Philosophaerie.

I was weeding the garden when I became aware of a curious scruffing noise, the sound of a small heavy object in friction with damp grass. I turned and saw a small garden fairy with butterfly wings shoving a thick volume of Kant across the lawn.

"Good afternoon, madam," I said. "May I inquire why you are filching my copy of the Critique of Pure Reason?"

She stopped and drew a dainty hand across her sweating brow. "I'm not filching it, I'm borrowing it. And if you must know, I've become tired of all this where-the-bee-sucks-there-suck-I type of business. I flutter here, I flutter there. Occasionally I titter and twitter. Is this all there is? Is there no more?"

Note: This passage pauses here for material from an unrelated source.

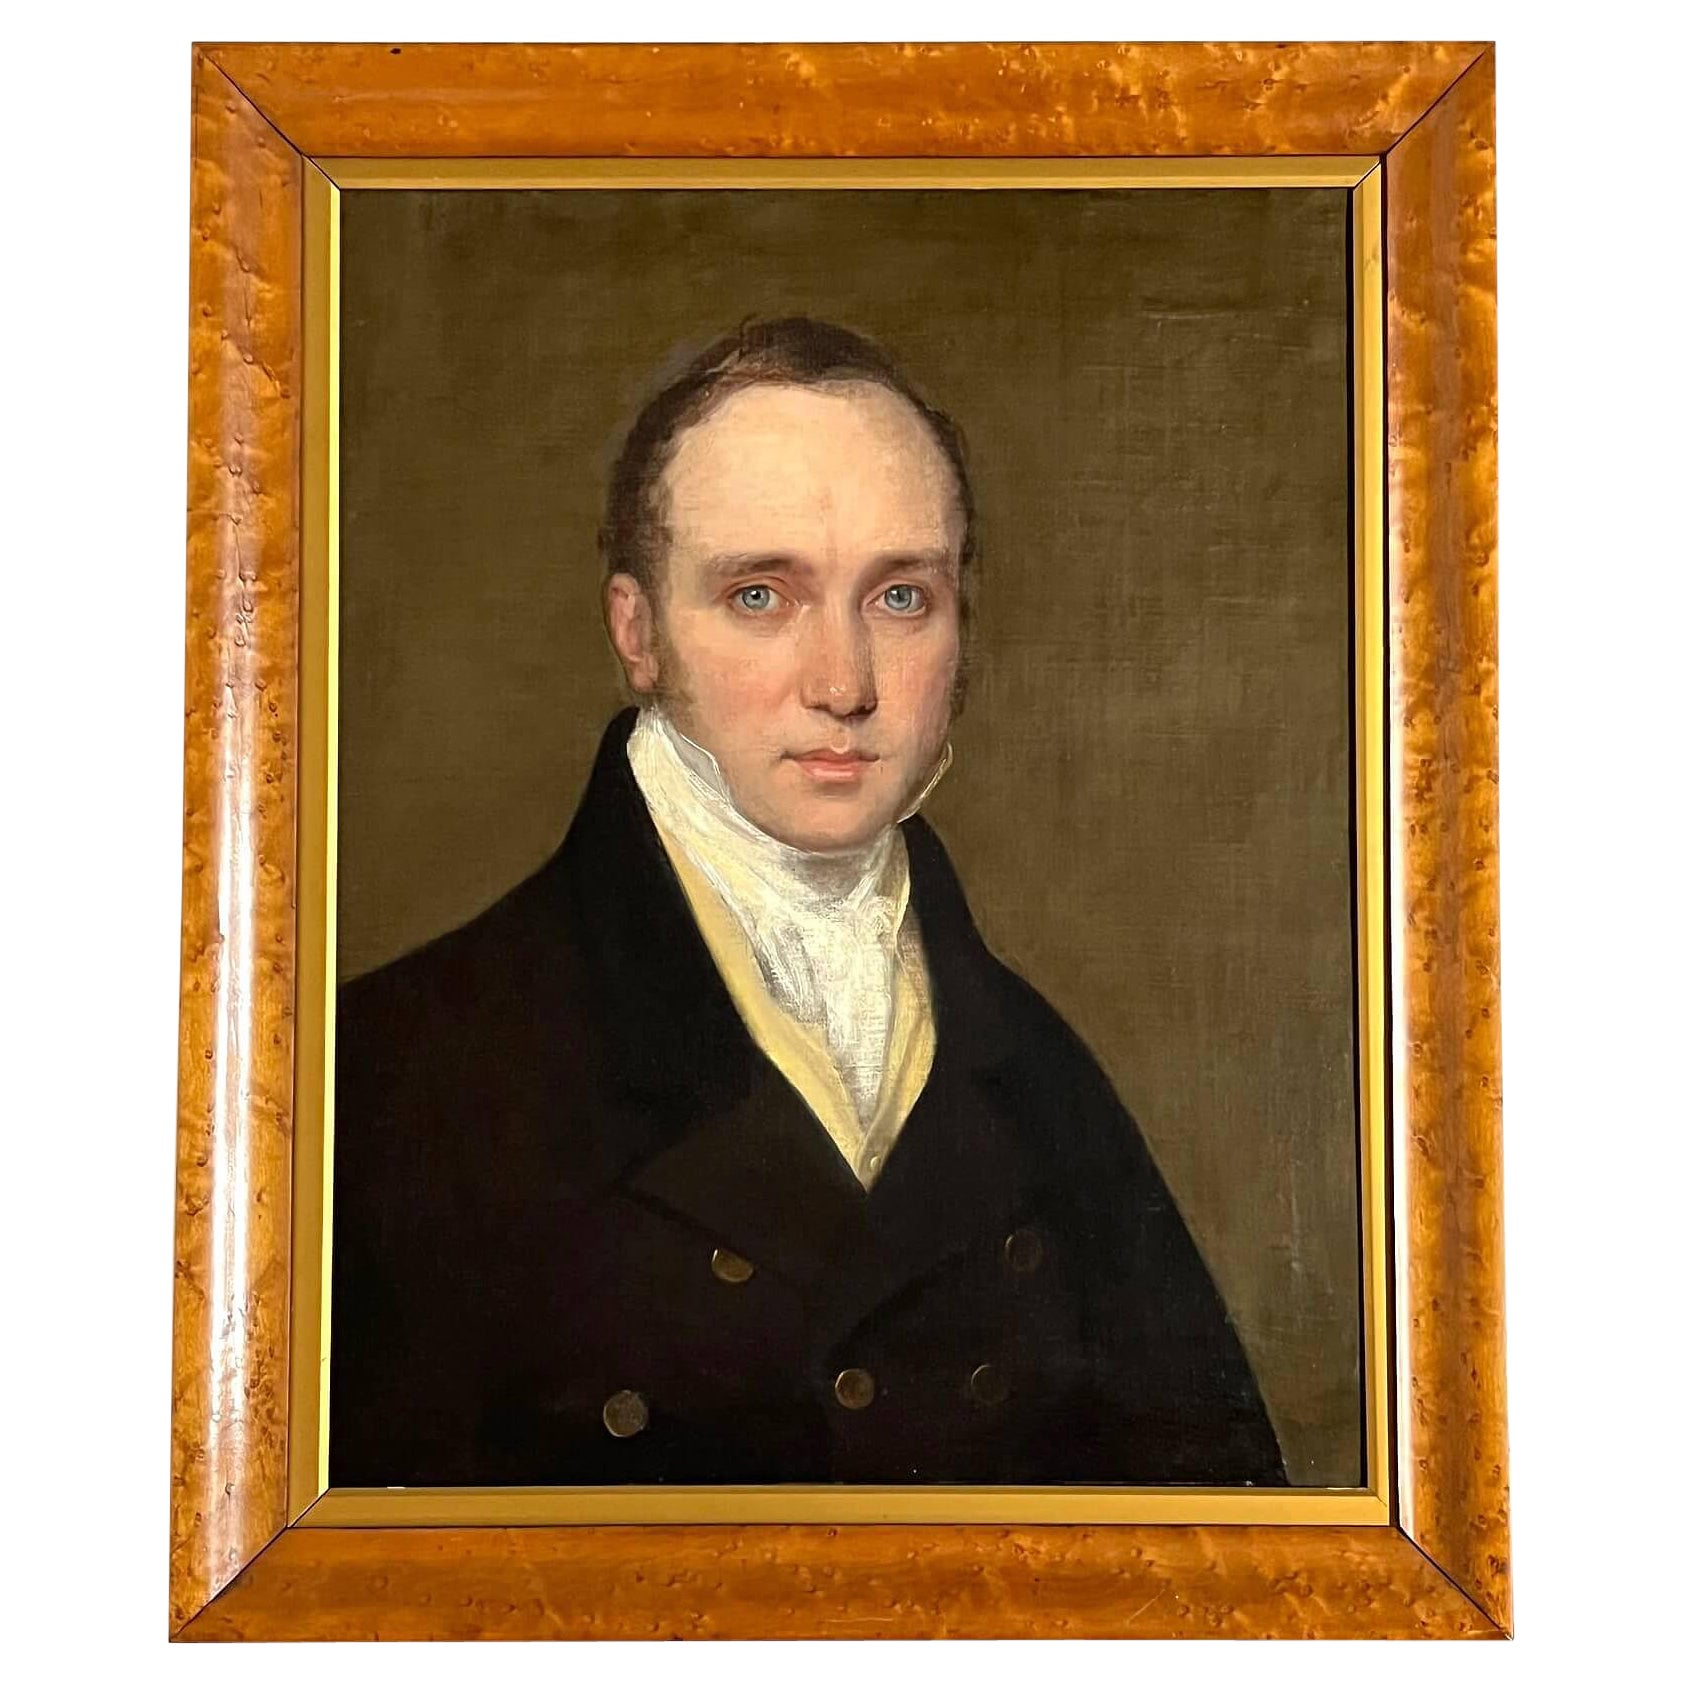 Portrait of a Gentleman with Piercing Blue Eyes, School of Raeburn, circa 1820

"Intriguing," said I. "How long have you had this existential problem?"

She looked at my sundial. "Twenty minutes."

Forever, in fairy terms. "But isn't Kant a bit much for a beginner? Perhaps you should consider some more introductory work, perhaps a survey of the field such as Frederick Copleston's History of Philosophy?"

She hopped up onto the book. "That would make more sense," she admitted. "There are problems with having a brain that weighs four one-hundredths of an ounce, one of which is a difficulty with contemplating multiple paths to an end."

I picked up the book and its passenger. "That will make proper study of philosophy difficult. Many of my Philosophy students have difficulty with the subject, and some of them have brains more than ten times as big as yours. Perhaps you should enquire in the realms of faerie and magic as to a method of enhancing your mental capacity."

She clapped her tiny hands. "Of course!" she cried. "I shall do that straight away, and return to read Cottleston's Mystery of Phylogeny!" And she fluttered off, twittering.

I returned to my weeding, and the afternoon came to an end with no sign of the fairy's return. The evening passed, and night came — and eventually day again, and I was awakened by a knocking at my front door. After stuffing myself into a robe and making my way to the aforementioned portal I found the fairy outside. She was now five feet eight inches tall, but still had butterfly-size butterfly wings. She was not happy.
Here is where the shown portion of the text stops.